Kim Kardashian and Rabbi Moshe Margaretten, fly Afghan women's youth soccer players to UK
LONDON - Members of Afghanistan’s women’s youth development
soccer team arrived in Britain early Thursday after being flown from Pakistan
with the help of a New York rabbi, a U.K. soccer club and Kim Kardashian West.
A plane chartered by the reality star and carrying more than
30 teenage players and their families, about 130 people in all, landed at
Stansted Airport near London. The Afghans will spend 10 days in coronavirus
quarantine before starting new lives in Britain.
English Premier League club Leeds United has offered to
support the players.
Britain and other countries evacuated thousands of Afghans
in a rushed airlift as Kabul fell to Taliban militants in August. Many more
people have since left overland for neighboring countries in hopes of traveling
on to the West.
Women playing sports was seen as a political act of defiance
against the Taliban, and hundreds of female athletes have left Afghanistan
since the group returned to power and began curbing women’s education and
freedoms.
Khalida Popal, a former captain of Afghanistan’s national
women’s team who has spearheaded evacuation efforts for female athletes, said
she felt "so happy and so relieved" that the girls and women were out
of danger.
"Many of those families left their houses when the
Taliban took over. Their houses were burnt down," Popal told the
Associated Press. "Some of their family members were killed or taken by
Taliban. So the danger and the stress was very high, and that’s why it was very
important to move fast to get them outside Afghanistan."
Australia evacuated the members of Afghanistan's national
women’s soccer team, and the youth girls' team was resettled in Portugal.
Members of the development team, many of whom come from poor
families in the country's provinces, managed to reach Pakistan and eventually
to secure U.K. visas. But they were left in limbo for weeks with no flight out
of the country as the time limit on their Pakistani visas ticked down.

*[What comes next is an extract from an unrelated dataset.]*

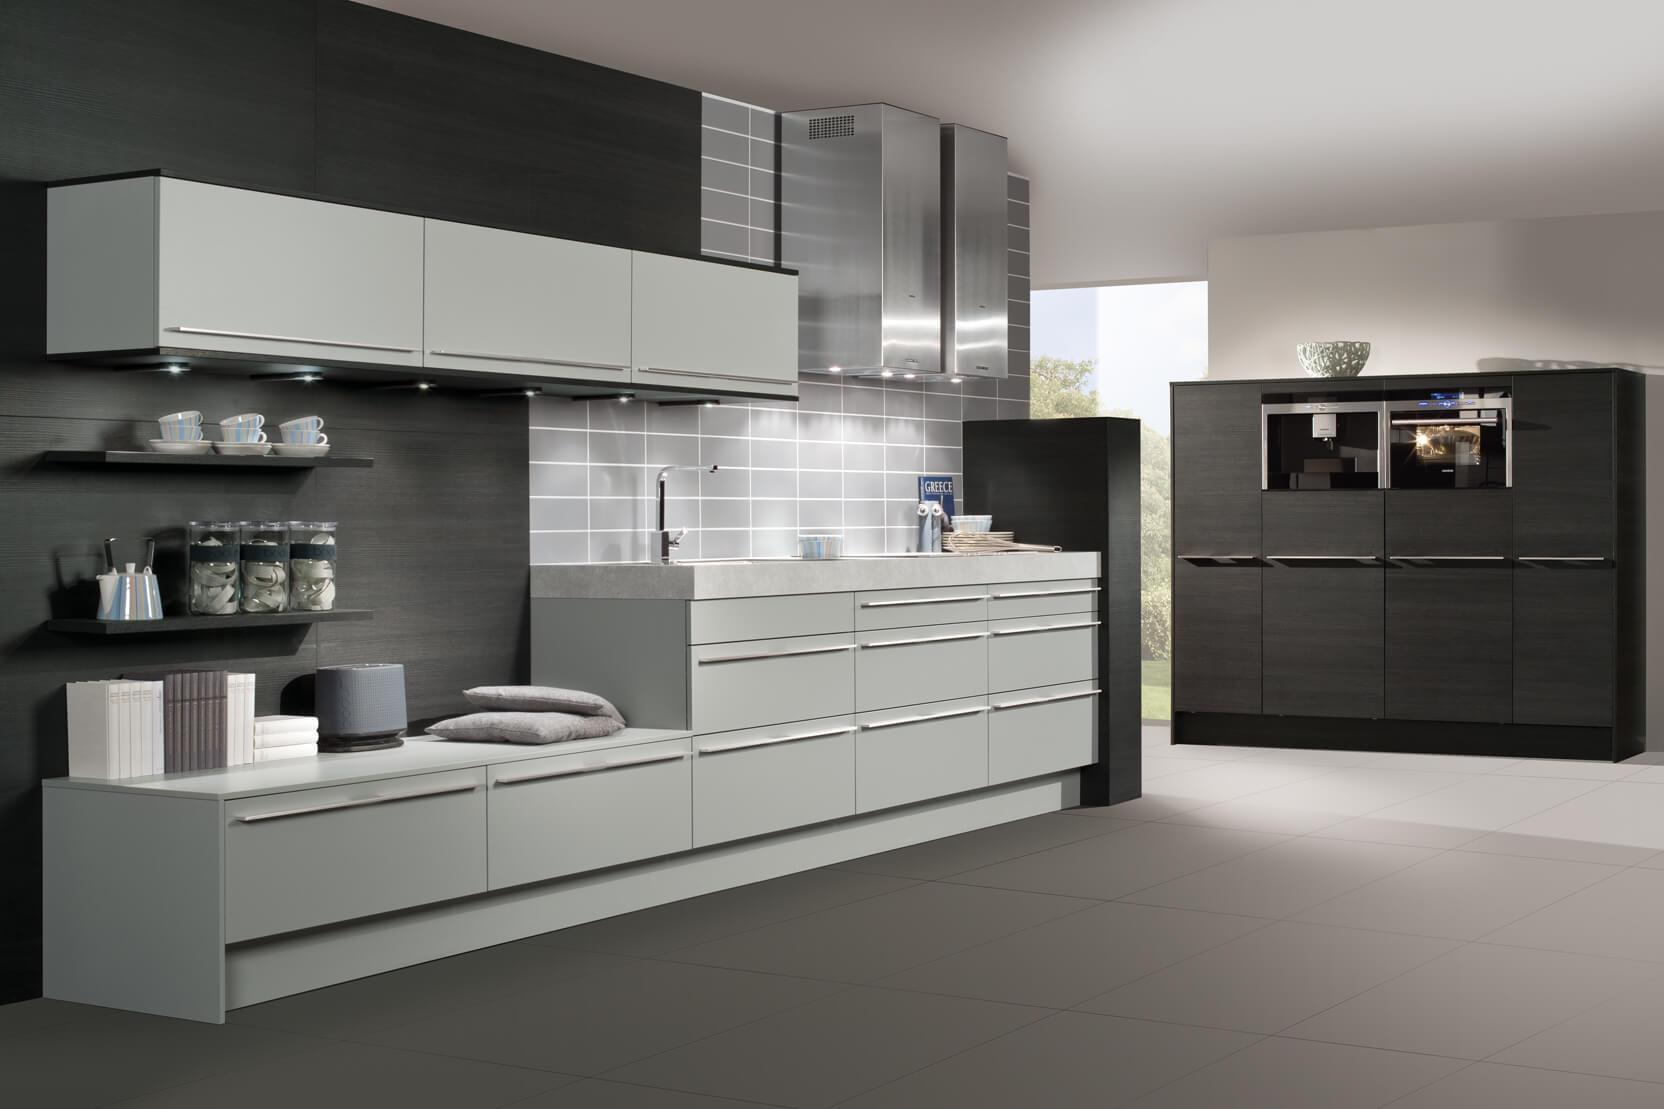 Modern beyaz mutfak dolab dizayni en son dekorasyon modelleri - Modern Beyaz Mutfak Dolab Dizayni En Son Dekorasyon Modelleri 41

The team got help from the Tzedek Association, a nonprofit
U.S. group that previously helped the last known member of Kabul’s Jewish
community leave Afghanistan.
The group’s founder, Rabbi Moshe Margaretten, has worked with
reality TV star Kardashian West on criminal justice reform in the U.S. He
reached out to her to help pay for a chartered plane to the U.K.
"Maybe an hour later, after the Zoom call, I got a text
message that Kim wants to fund the entire flight," Margaretten said.
Kardashian West’s spokeswoman confirmed that the star and
her brand SKIMs had chartered the flight.